- **Exercise brief**
Starting with the line that has "These sculptural table" in the records below and ending with the line that has "Zwilling J.A. Henckels", output those lines exactly and nothing more; omit the pictures.

- **Input records**
::::

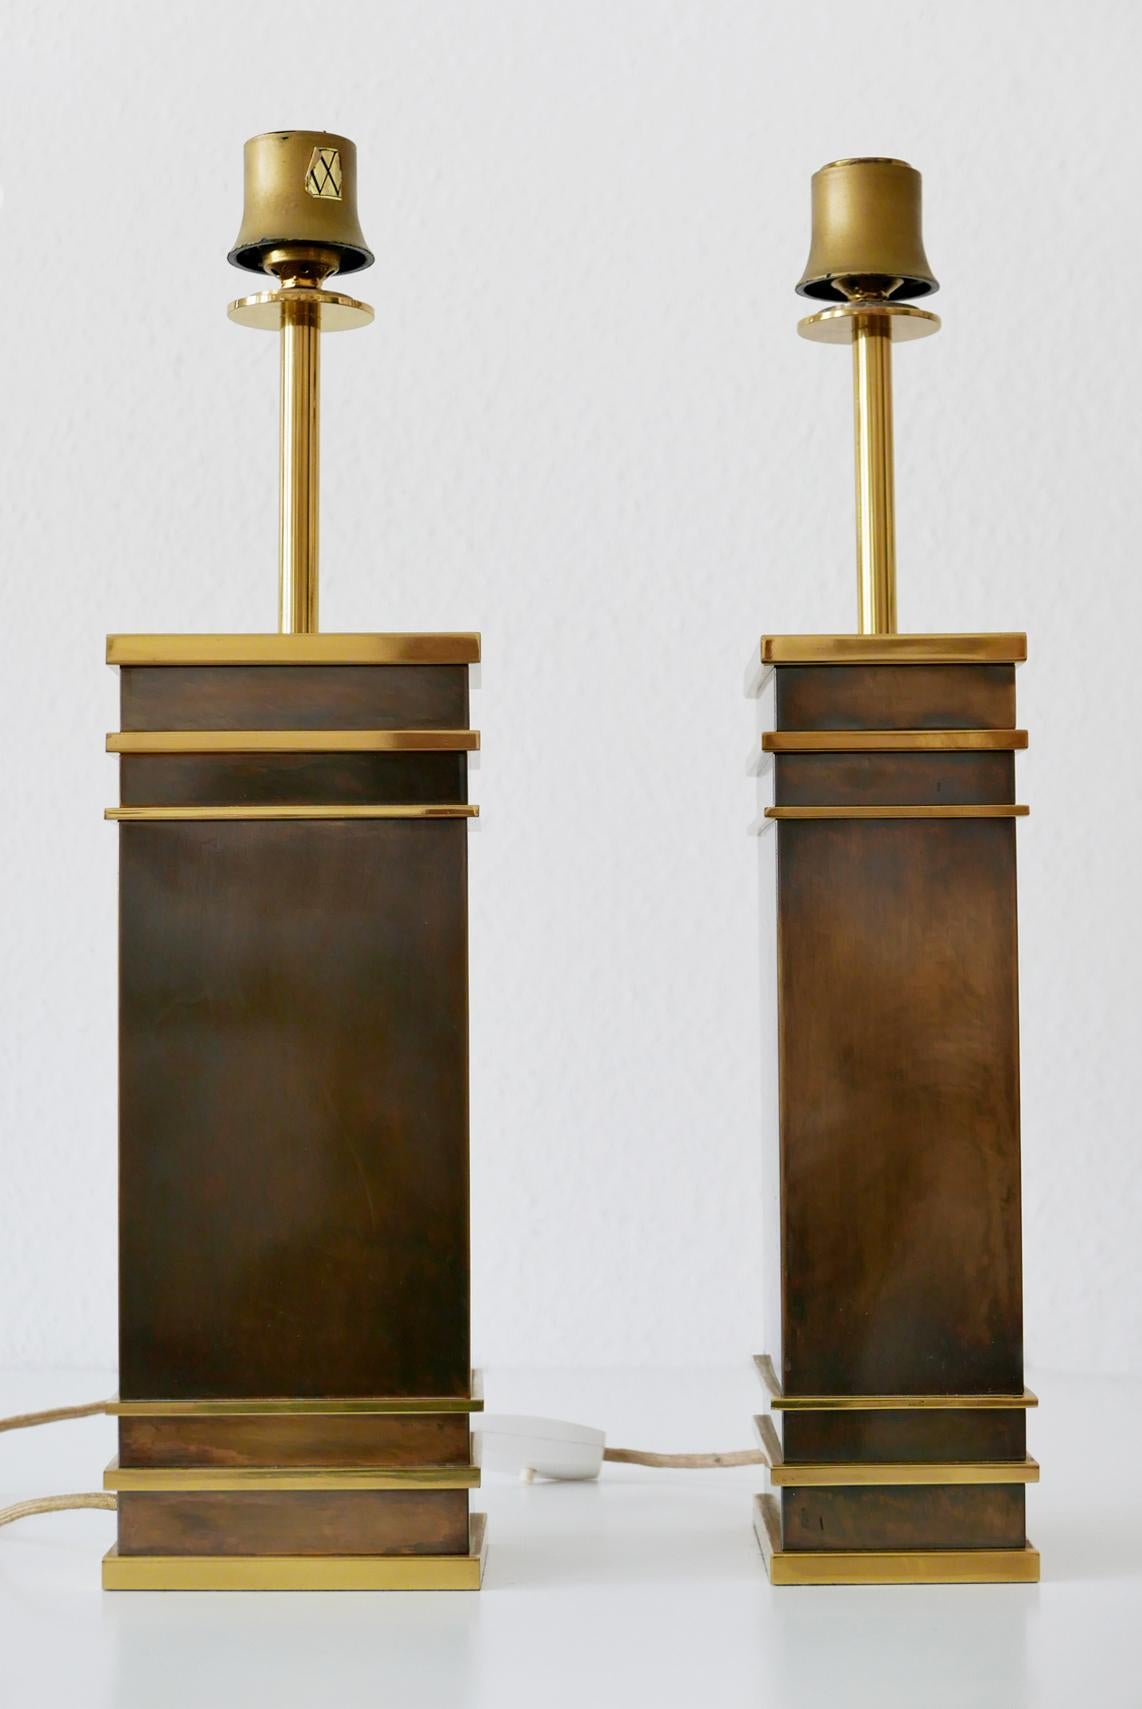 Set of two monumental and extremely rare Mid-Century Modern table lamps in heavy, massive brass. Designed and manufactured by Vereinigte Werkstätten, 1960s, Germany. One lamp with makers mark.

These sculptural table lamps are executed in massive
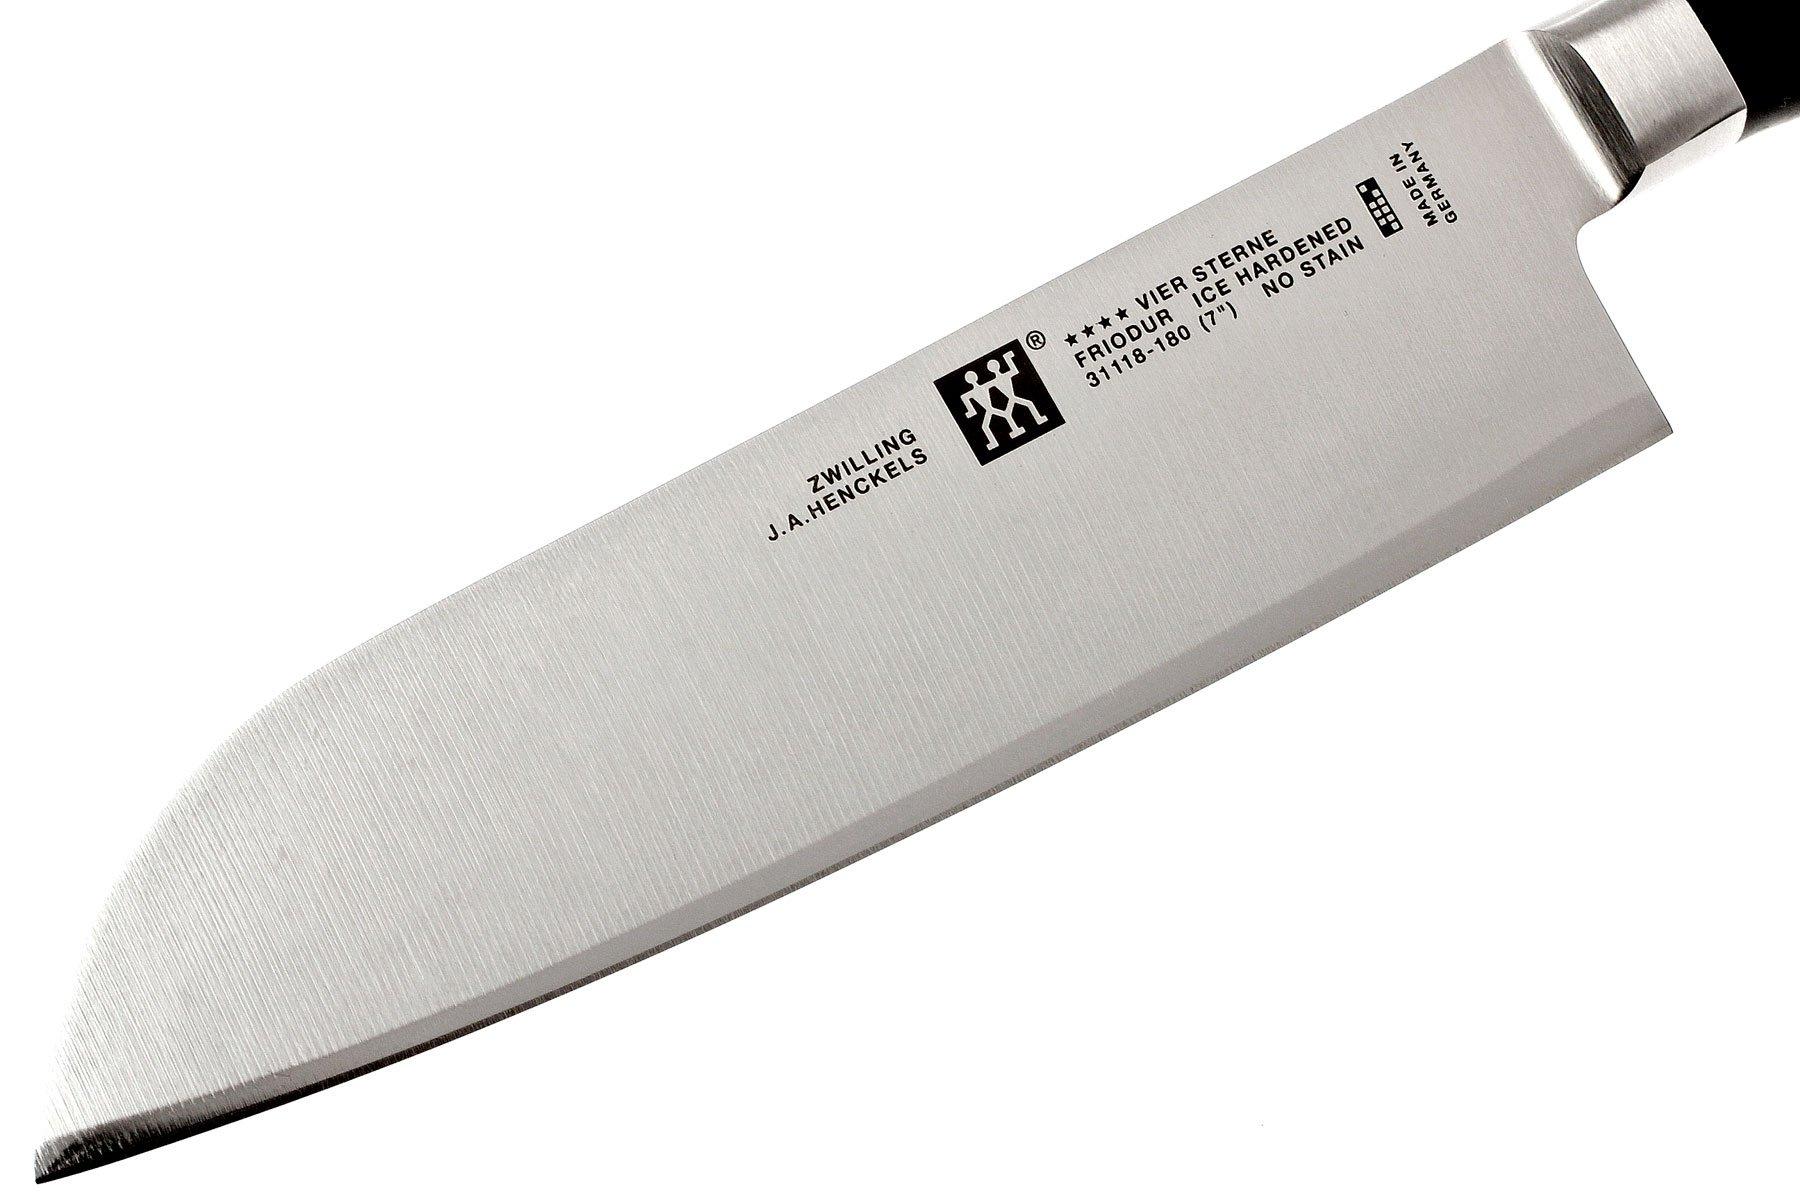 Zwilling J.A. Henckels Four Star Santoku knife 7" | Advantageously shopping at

::::

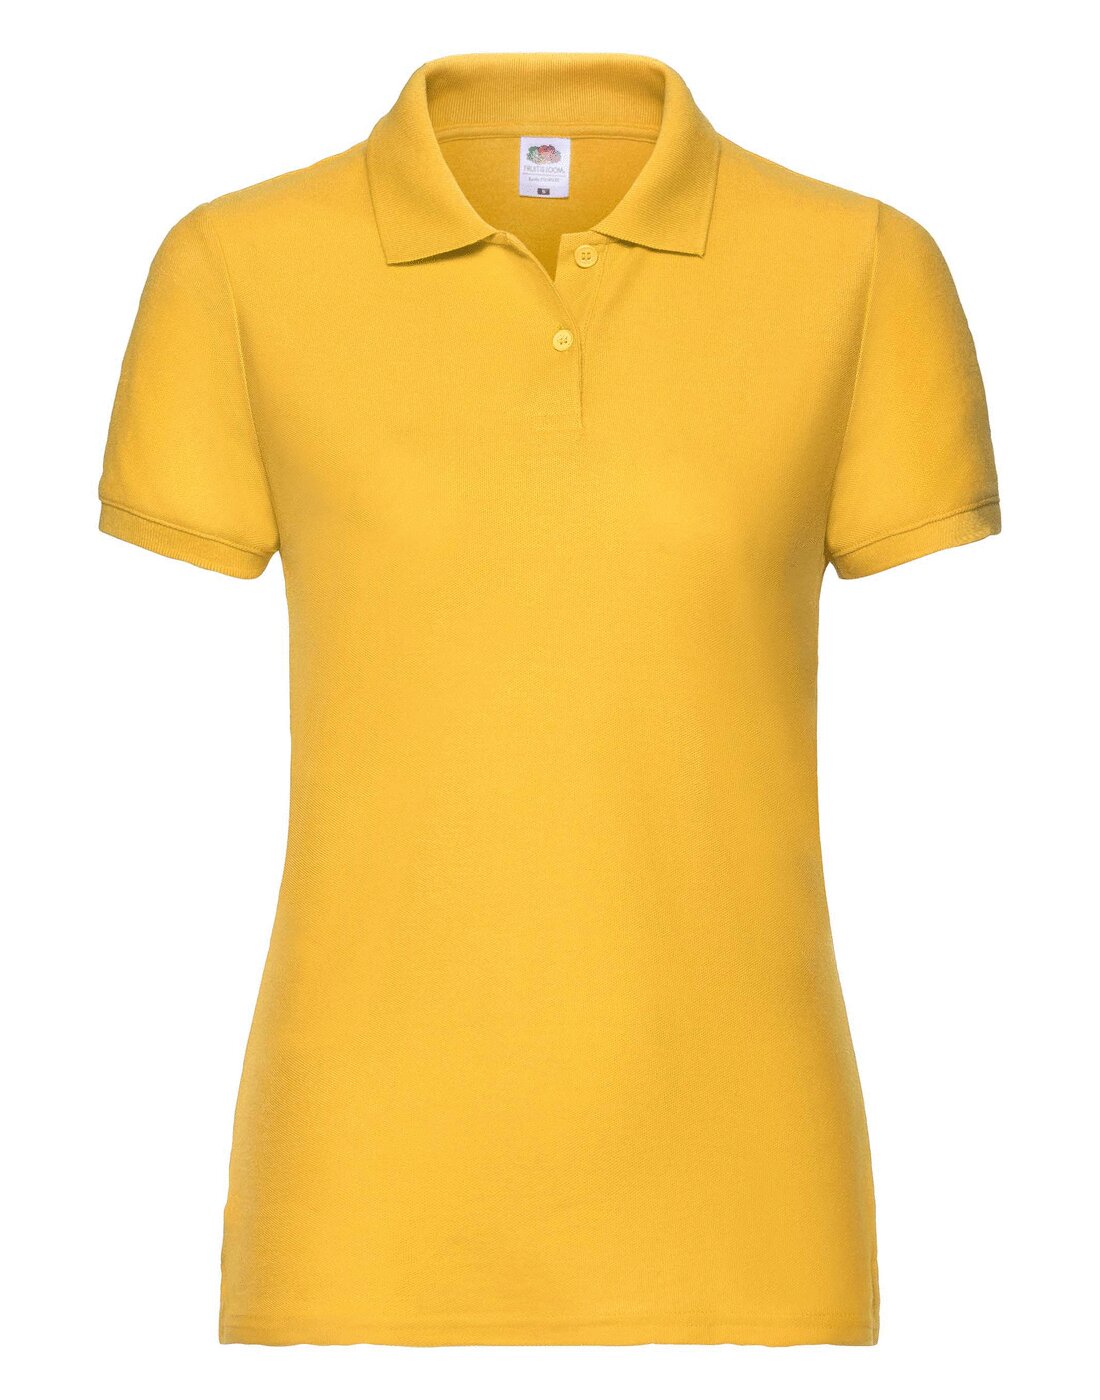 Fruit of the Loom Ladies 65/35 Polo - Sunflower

::::

- **Exercise output**
These sculptural table lamps are executed in massive
 Zwilling J.A. Henckels Four Star Santoku knife 7" | Advantageously shopping at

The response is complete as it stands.